问题
So I couldn't find anything that talked about using chrome.* or browser.* specifically. In some of the WebExtension examples it uses browser.* (browser.runtime.getManifest();
)
https://developer.mozilla.org/en-US/Add-ons/WebExtensions/API/runtime/getManifest, and in others it uses chrome.* (chrome.notifications.create
), https://developer.mozilla.org/en-US/Add-ons/WebExtensions/API/notifications.
I'm not entirely sure what's the difference. Is it contextual? Both chrome.* and browser.* are available in my content script and in the background script in Firefox.
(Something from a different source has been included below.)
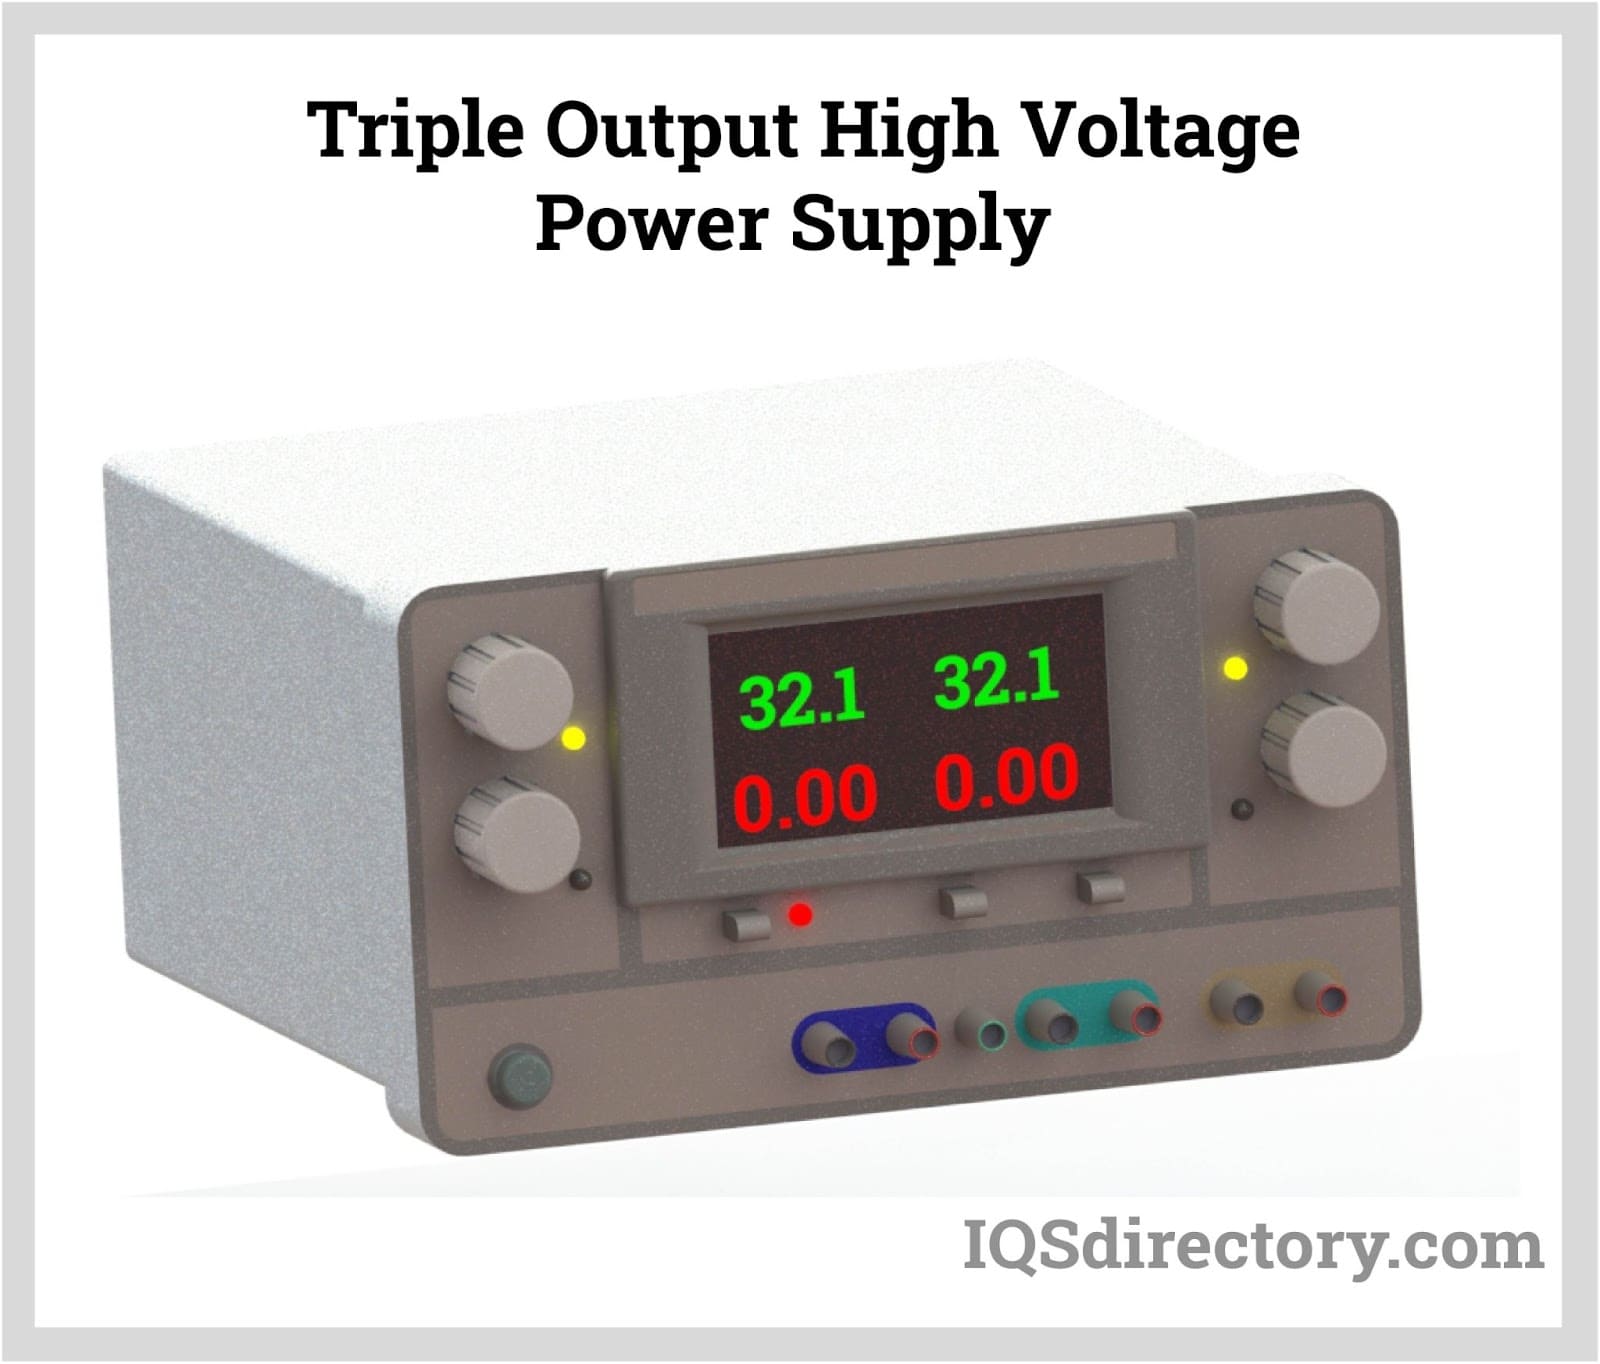 Triple Output High Voltage Power Supply

I looked at IEs docs as well and they use browser.* ( didn't see chrome.* in their docs)
I'd like to know what the difference is between and do Chrome extensions only use chrome.* or does it have browser.* as well (does IE only have browser.*)?
回答1:
Chrome only has chrome.apis. Edge only has browser.apis. Firefox has both browser.apis and chrome.apis for compatibility with existing Chrome extensions.
The main difference is that in Firefox the browser.apis use promises but the chrome.apis use callbacks.
回答2:
Both browser and chrome APIs work in Edge, but make sure you don't mix and match. Use all of one or the other.
回答3:
I think your best solution for now is to use callbacks instead of promises as they work for chrome, firefox and edge. In addition you can use something like
browser = browser || chrome;
to solve the chrome vs browser issue and browser.runtime.lastError;
for error handling. Firefox support both the callback and the promise version of the api, callback version will work for both the chrome and browser objects.